基于应变石墨烯基底的有机分子薄膜溶液外延生长研究

Epitaxial Growth of Organic Molecular Films Through Solution Process on Strain Modified-Graphene Substrates

有机半导体器件中的载流子微观动力学行为受有机分子的吸附取向和排列结构的影响极大。因此,研究有机分子在衬底表面的堆栈行为对于促进高性能有机半导体器件的研究极为重要。石墨烯具有模板效应,可促进有机分子的有序堆栈,从而能极大地提高相应器件的性能。在π-π耦合相互作用驱使下,有机分子(通常具有平面芳香环结构)在石墨烯衬底上通常呈现“平躺”式吸附模式。如何克服有机分子在石墨烯基底上吸附取向的单一性是“石墨烯基有机器件”研究亟待解决的问题。本文提出一种利用石墨烯应变和空间微形貌协同调控有机分子吸附取向的新策略,在具有周期性纳米级弯曲结构的石墨烯上实现了具有直立分子取向的二维超薄C8-BTBT薄膜的外延生长。研究发现,石墨烯弯曲程度和应变共同决定了C8-BTBT分子的直立几何形状及其在石墨烯表面的定向生长。本研究为控制二维材料界面上的分子外延向功能异质结构方向发展提供了一种可行的途径。
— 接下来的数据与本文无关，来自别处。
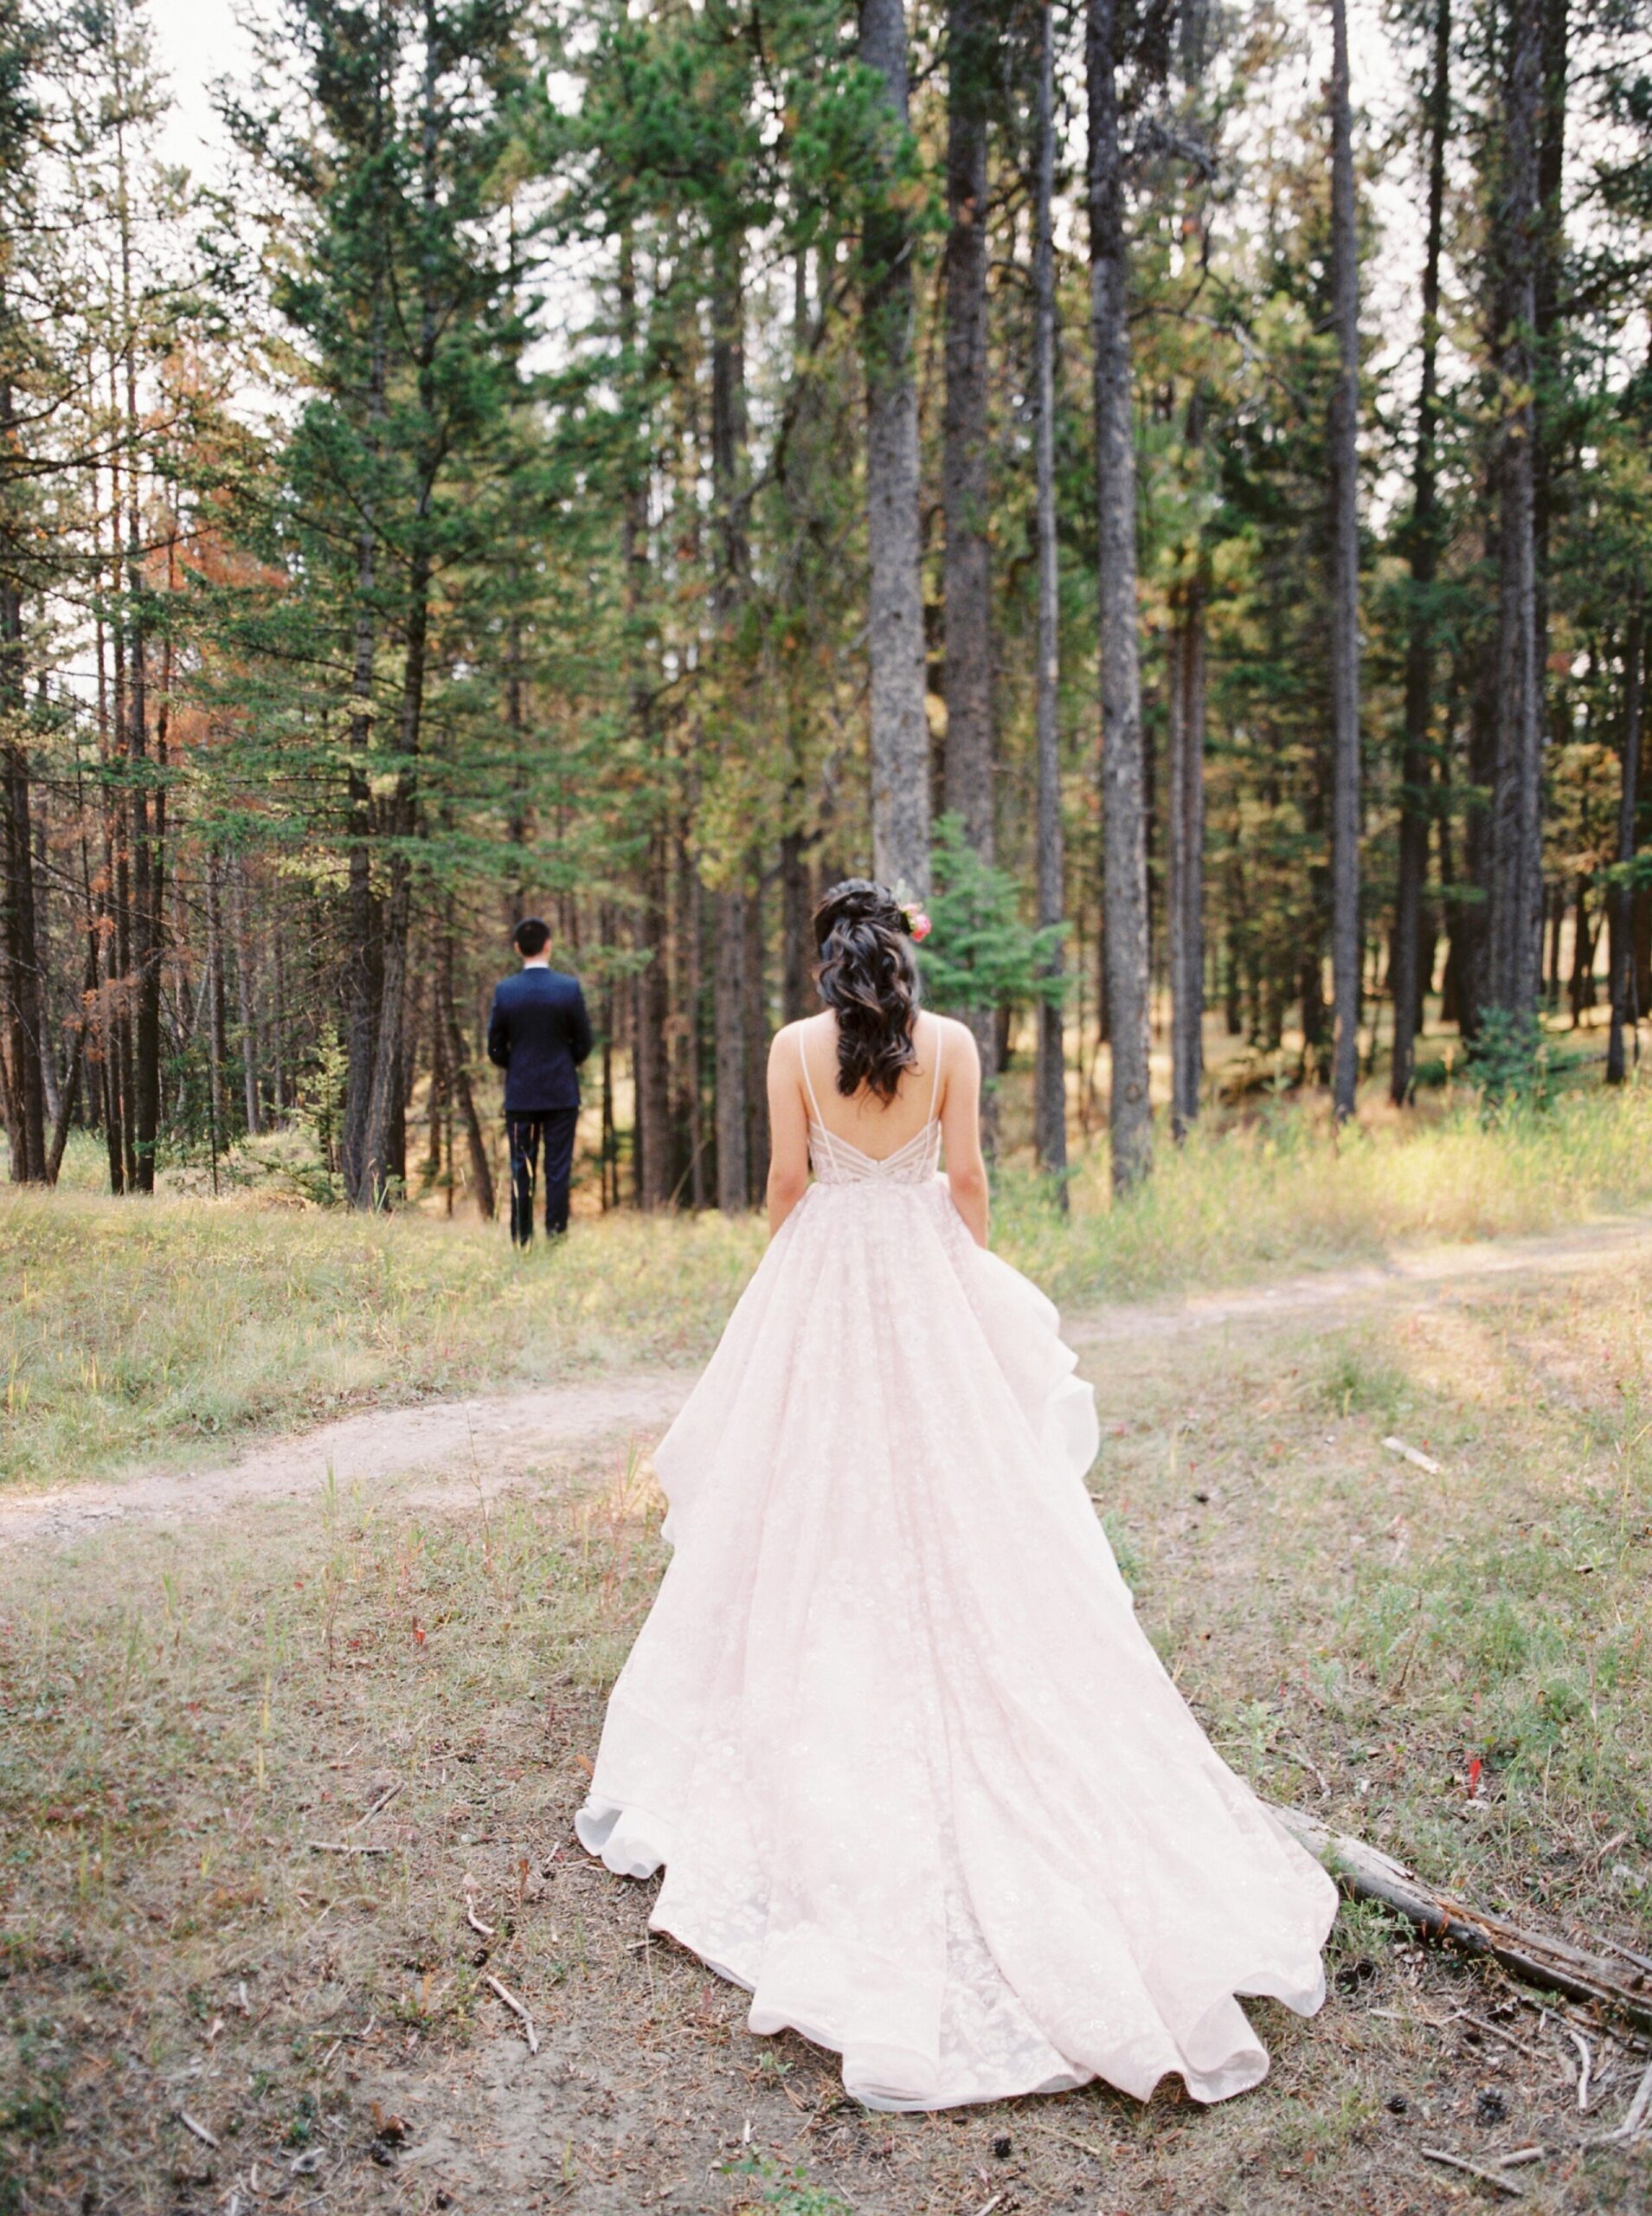  Banff wedding photographer | intimate wedding elopement | first look | Justine milton photography 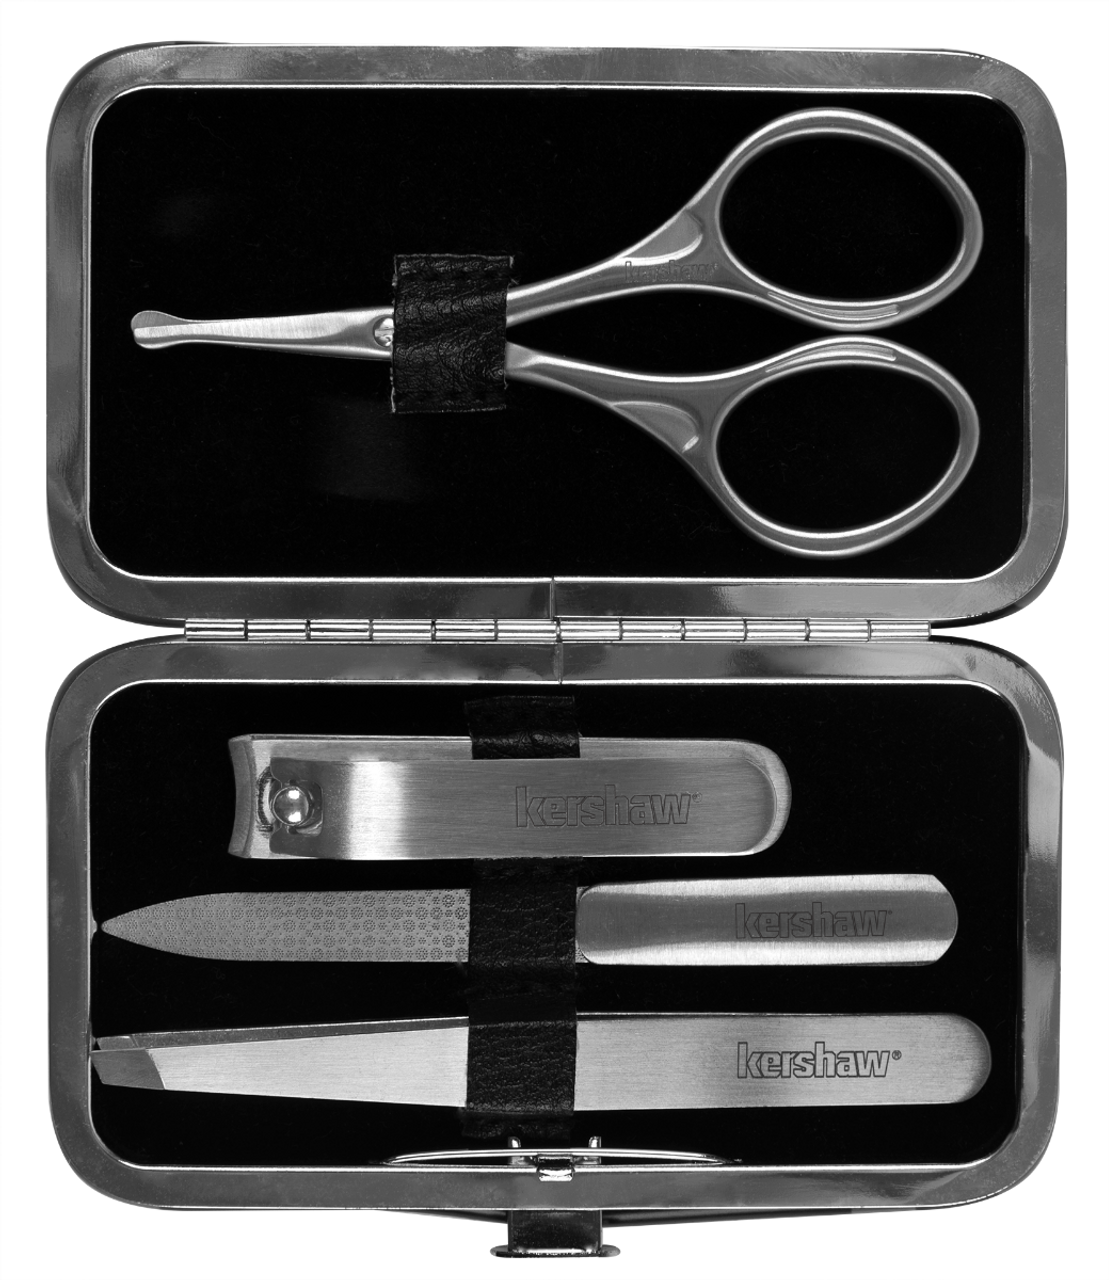 Kershaw Manicure Kit KMCURE - 4pc Set

In organic semiconductor devices,the micro dynamic behavior of charge carriers is greatly influenced by the adsorption direction and arrangement structure of organic molecules.Therefore,studying the stacking behavior of organic molecules on the substrate surface is extremely important for promoting the research of high-performance organic semiconductor devices.The template effect of Graphene promotes the orderly stacking of organic molecules,which greatly improves the performance of corresponding devices.Driven byπ-πcoupling interaction,organic molecules(usually with planar aromatic ring structure)usually exhibit a“flat”adsorption mode on graphene substrates.Breaking through the single adsorption orientation of organic molecules on graphene substrate is of great significance for expanding the application of graphene materials in the field of organic semiconductors.In this paper,a new strategy using graphene strain and spatial micromorphology to synergistically control the adsorption orientation of organic molecules is proposed.The epitaxial growth of two-dimensional ultrathin C8-BTBT films with vertical molecular orientation is realized on graphene with periodic nanoscale bending structure.It is found that the bending degree and strain of graphene jointly determine the vertical geometry of C8-BTBT molecule and its directional growth on the surface of graphene.This study provides a feasible approach for controlling the development of molecular epitaxy towards functional heterostructures at two-dimensional material interfaces.